All great diarists have something intensely silly about them: Boswell’s and Pepys’s periodic bursts of lechery and panic; Chips Channon’s unrealistic dreams of political greatness leavened with breathless excitement over royal dukes and handsome boys; Alan Clark’s fits of romantic, almost Jacobite, dreaming; James Lees-Milne’s absurd flights of rage. I dare say the mania that drove the Duc de Saint-Simon in his demented campaign against Louis XIV’s attempts to create a place in court hierarchy for his bastards seemed ridiculous to his more sober contemporaries. Often the silliness comes from a mad overestimation of the writer’s ability. There is no more fascinating diary than Benjamin Haydon’s. He was an indifferent painter who never achieved the success he dreamt of. But in every sentence of his diary it is apparent to us what he himself never realised: that, though a painter of mediocrity, he was a writer of genius.

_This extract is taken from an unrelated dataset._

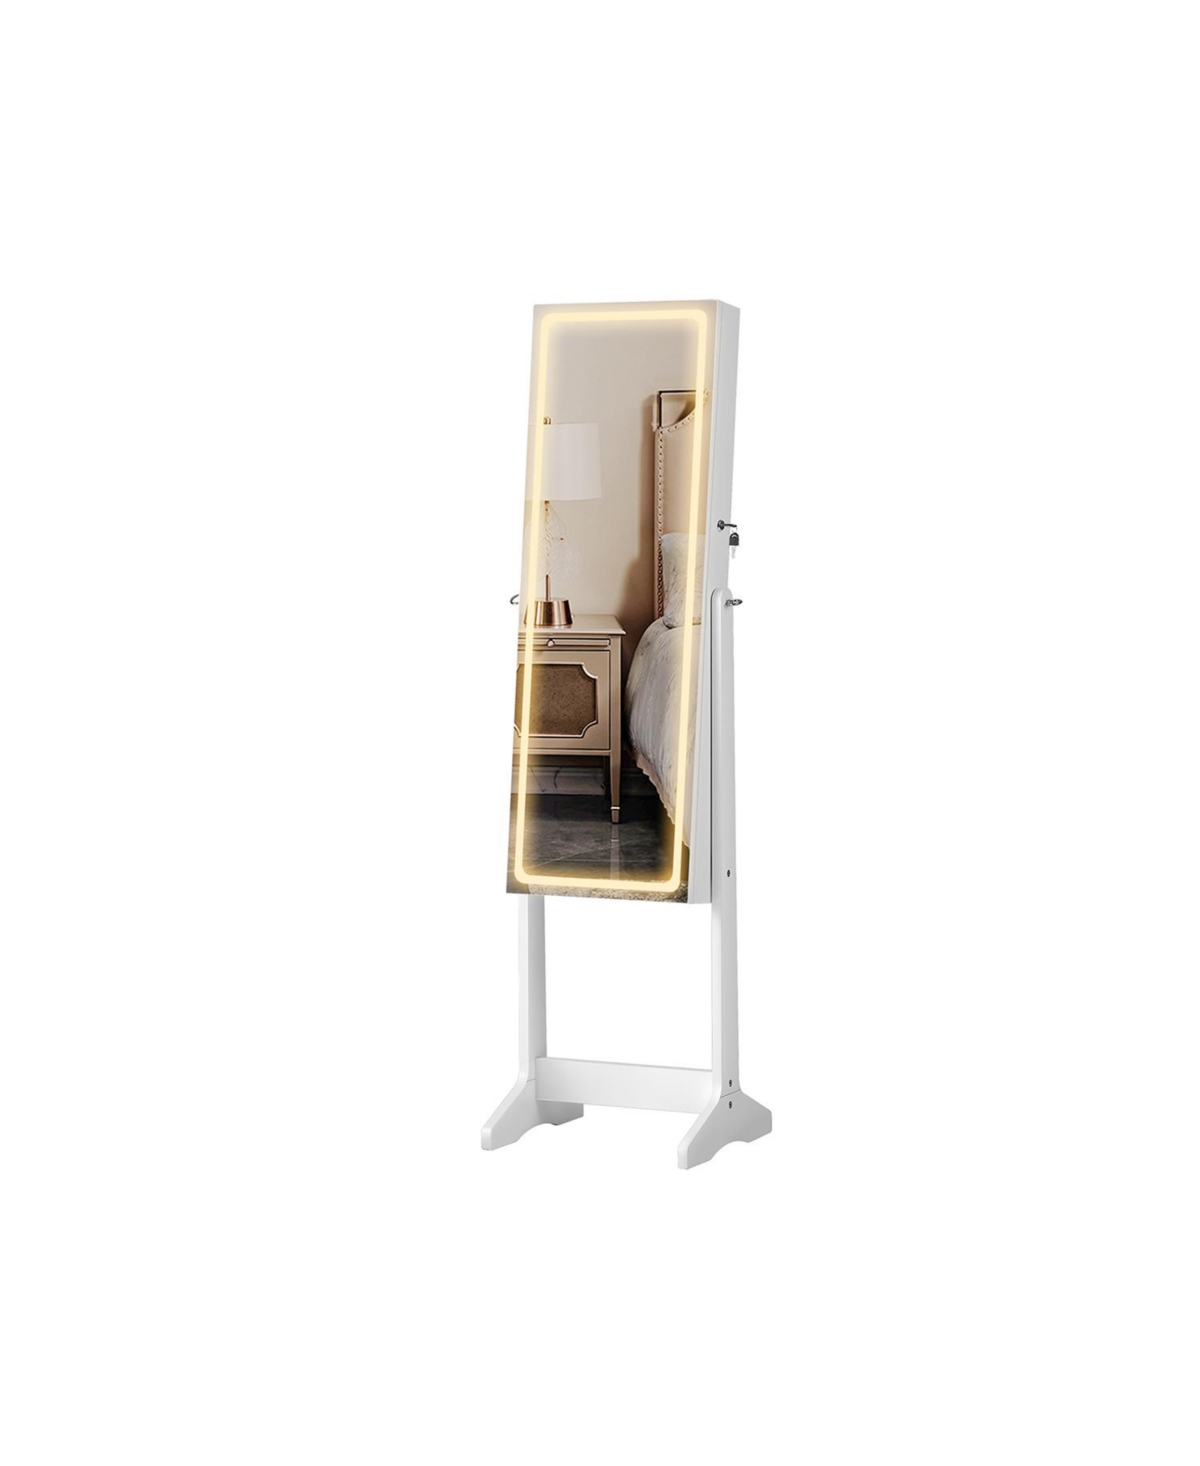 Led Mirror Jewelry Cabinet, Adjustable Brightness and 3 Shades of Light, Standing Jewelry Armoire - White

A.C. Benson, born in 1862, had the sense to make arrangements for his diary to be published after his death. The rest of his writing, with the possible exception of ‘Land of Hope and Glory’, pales to insignificance next to it. His published work is astonishingly bland. There is a screamingly funny parody of him by Max Beerbohm in A Christmas Garland: ‘More and more, as the tranquil years went by, Percy found himself able to draw a quiet satisfaction from the regularity, the even sureness, with which, in every year, one season succeeded to another.’ (Having read Benson’s staggeringly tedious Watersprings, I can report that Beerbohm does not exaggerate.) The diary, on the other hand, stretching to more than four million words, is vivacious, beadily observed and takes advantage of Benson’s position as a favourite of the great. In this beautifully edited two-volume selection by Eamon Duffy and Ronald Hyam we see what a well-placed diarist can do.
Benson was an irregularity at the heart of Victorian society, guaranteed respectability by being the son of an Archbishop of Canterbury.